There are two kinds of cards. Free Floating „Knowledge“ cards and cards that are the nodes of an outliner. Free floating nodes can be displayed in multiple outliners and multiple locations in one outliner or they can be outside of any outliner organization and only be revealed by search and browsing features.
The left pane outline is a full featured outliner with columns like Omni Outliner. It allows clones and mark+gather operations and all the features discussed and found useful on this board in the past. Each node in the outliner can also reference a free floating card, which is showing in the 2nd pane.
Compared to other 2pane outliners the concept makes the outline a full data document and not just the table of content of a collection of cards. This is a unique feature. The reason is easy to understand. For example if you write a book, you can use the outline pane to organize your chapters and add comments about the progress and todos while the cards in contain the content of your book. This decoupling is important because an organized set of content items is much more then the sum of its content and often information make only sense because of the combination of the items. No outliner so far could model this.
I just want to mention that there will be no difference between folders and items in the outline. This was concept taken from the technical implementation of file systems and I don’t know why so many outliners just copied it.
Third pane shows cards that have relations to the current card shown in 2nd pane.
This can be the destination/source cards of links on the current card or what looks similar to some AI algorithm.
Also each outline node can contain an explicit list of related cards. In the book writing example you would use this list to attach cards to a node with knowledge that you want mention in the text you write in the 2nd pane. This is a feature I’ve seen in IBM Doors Requirement Engineering Tool where you keep and reference the source material from there, like law requirements or technical specs. Sure you could just add them as intrinsic links on the outline node but having a separate list of documents is IMHO cleaner.
The 2nd and 3rd pane will show multiple cards at once.
*** Data Fields and Sections
As a huge fan of the abandoned Asksam and the ability to add data fields directly inside the document wherever you want I have to add this feature.
And in the current design it has turned out to be the key element.
The design rule is different from normal database that the user and entering information has priority over correctness of the database. If you have a year field in an art database you don’t need to enter a 4 digit year, you can also notate it as „painted during his orange phase living in Washington“ . This will be stored but underlined with just an error line. In the end its better to write it down then to forget it.
Fields can be added one or multiple times.

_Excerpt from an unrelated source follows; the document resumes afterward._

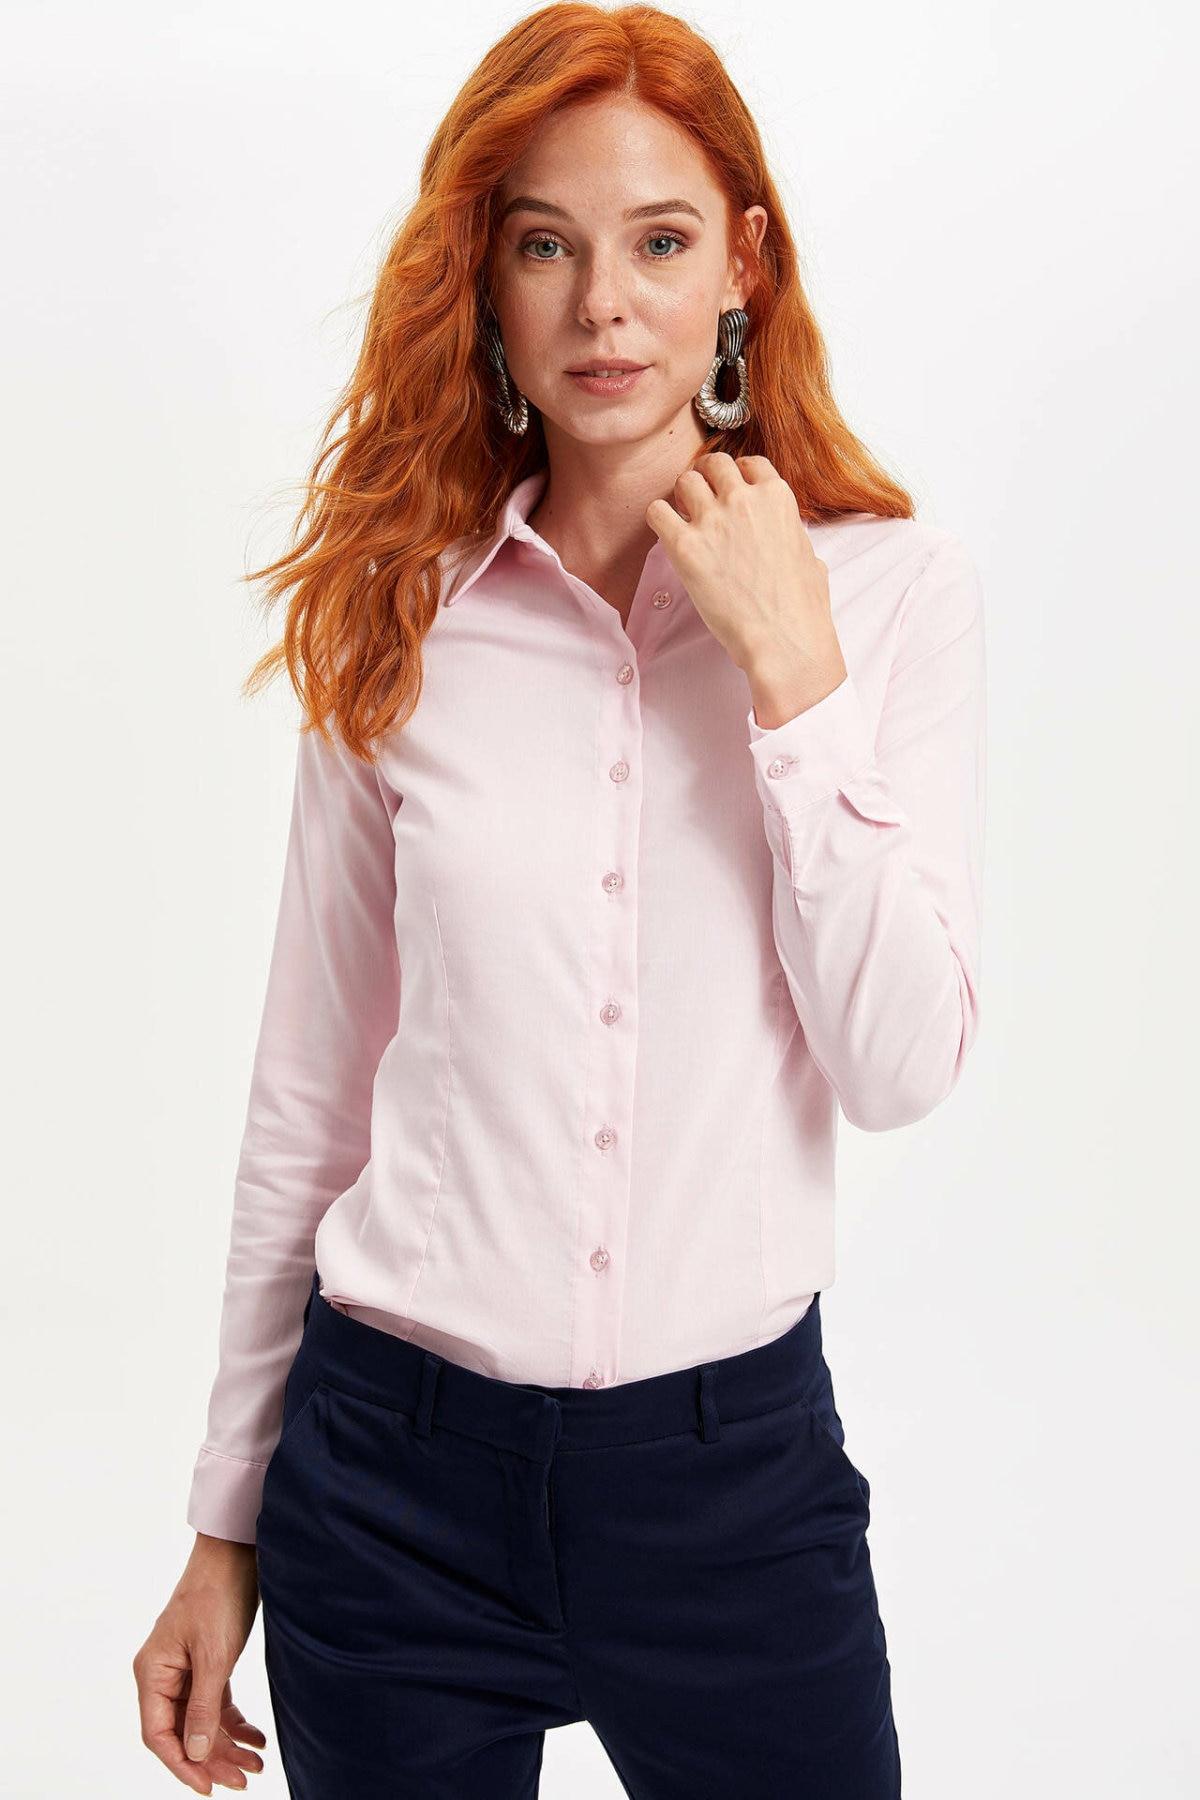 DeFacto Women Slim Fashion Lapel Collar Shirt Loose Pullover Casual Solid Long Sleeves Shirt Tops Women Autumn New - I5278AZ19AU

Content of fields can contain multiple data values like comma separated list or a ZIP code/city/country combination that is automatically broken into data pieces by a pattern matcher.

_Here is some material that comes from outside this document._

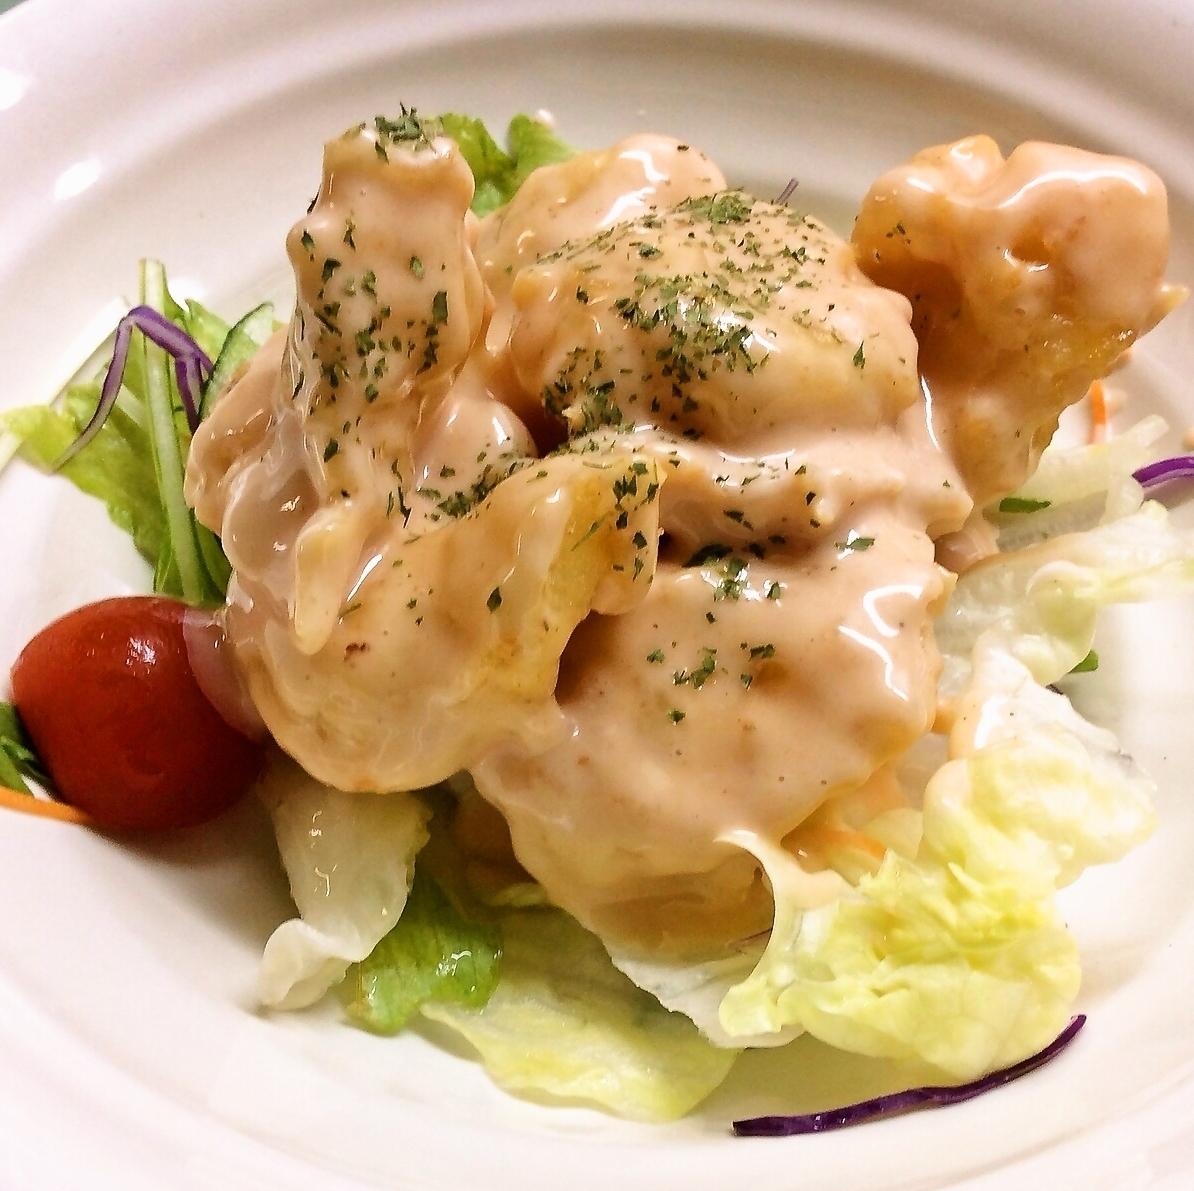 Shrimp mayo / shrimp chili sauce / Stir-fried pork and garlic sprouts

For example if you write the following on a card in your movie database it will create a „Movie“ Record (declared by the @@ line) with the fields
@@Movie:
@Title: Star Wars: Episode IV - A New Hope
@Director | Writer: George Lucas
@Year: 1977
@Rating: 10
@Genre: SciFi
@Actor: Mark Hamill
@Actor: Harrison Ford, Carrie Fisher, Alex Guiness
@Synopsis:
*Luke Skywalker* joins forces with a [[Jedi Knight|Jedi]], a cocky pilot,
a Wookiee and two droids to save the galaxy from the Empire’s world-destroying battle station,
while also attempting to rescue Princess Leia from the mysterious Darth Vader.

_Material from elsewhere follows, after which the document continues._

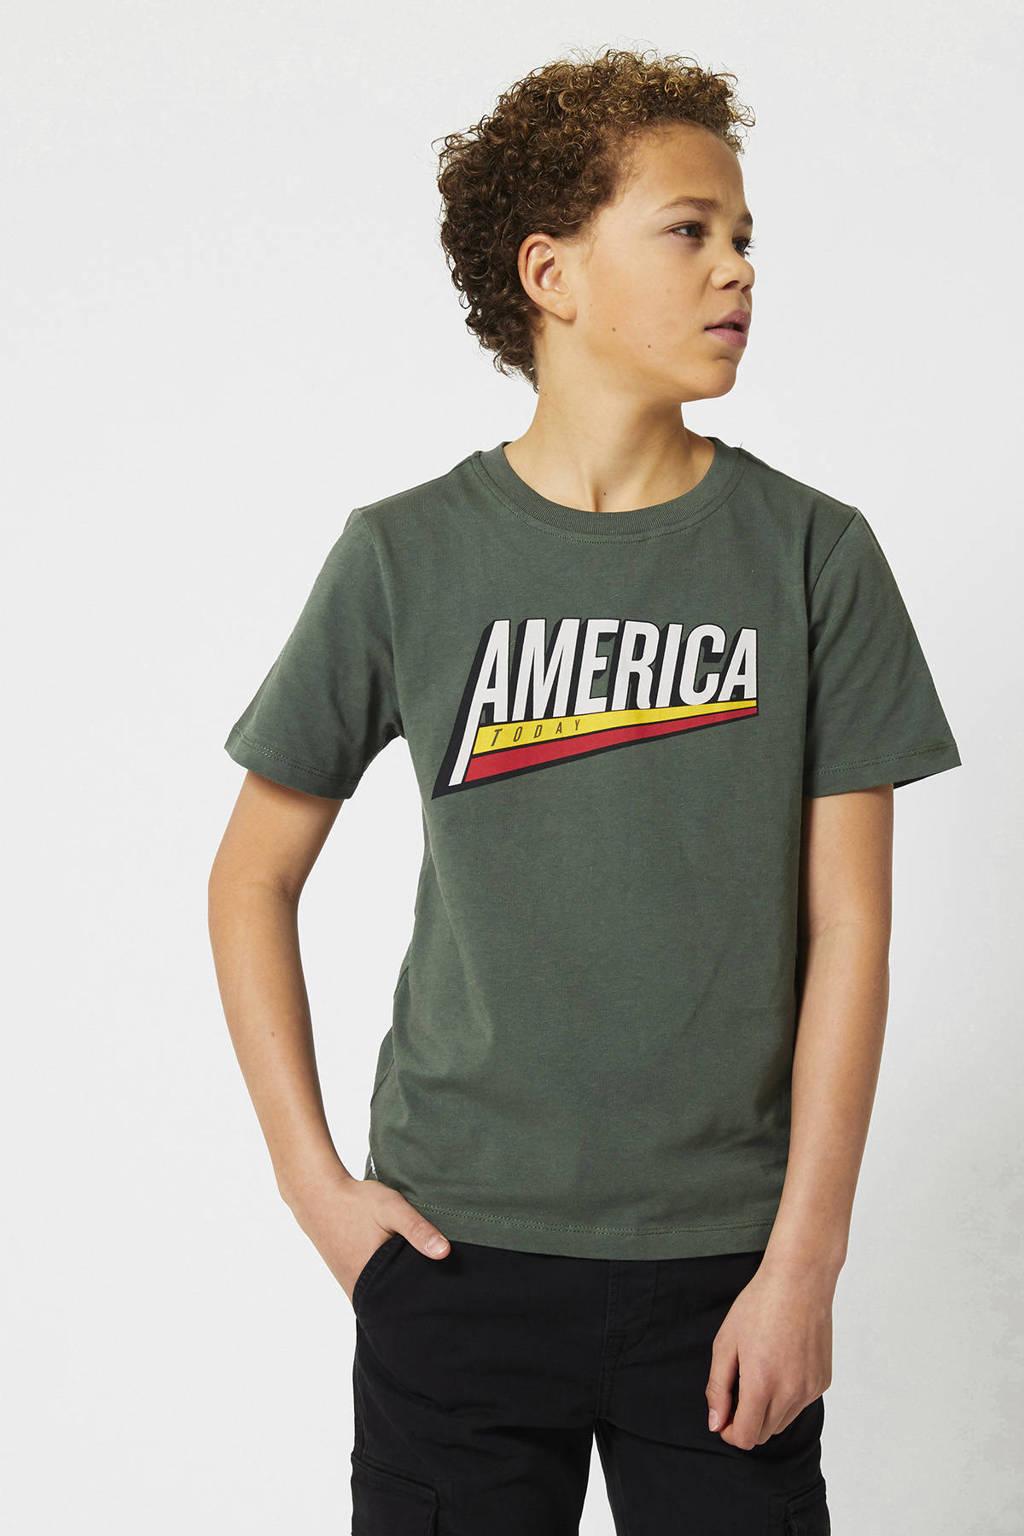 America Today Junior T-shirt met printopdruk legergroen, Legergroen

As you see it’s possible write condensed like the @Fieldname | Fieldname: syntax or the comma separated list.
There are tons of more things and fine tunings but this explainnation should be enough to understand the idea. A a field can contain any markdown text, including images and links. In fact they just split the text into different sections.
Now back to the outline, you can add children to a node automatically, for example you have your curated outline of movies and a node „Best SciFi“ then you can add „@@Movies@Rating > = 9 AND @@Movies@Genre == SciFi SORT BY @Rating“ and the outline will automatically fill the child notes with the top movies.
„@@Movies@Rating GROUP BY @Genre, @Year“ would fill the outline three levels deep and create items like
Movies
- SciFi
- 1977
- Star Wars: Episode IV
If you know databases this is how the SQL Grouping clause works for selecting data. It will be automatically inserted into the outline when you collapse the item containing this query (and then stay this way until collapsed or explicitly refreshed).
I have so far never seen or heard of any outliner who automatically generates the data shown as children.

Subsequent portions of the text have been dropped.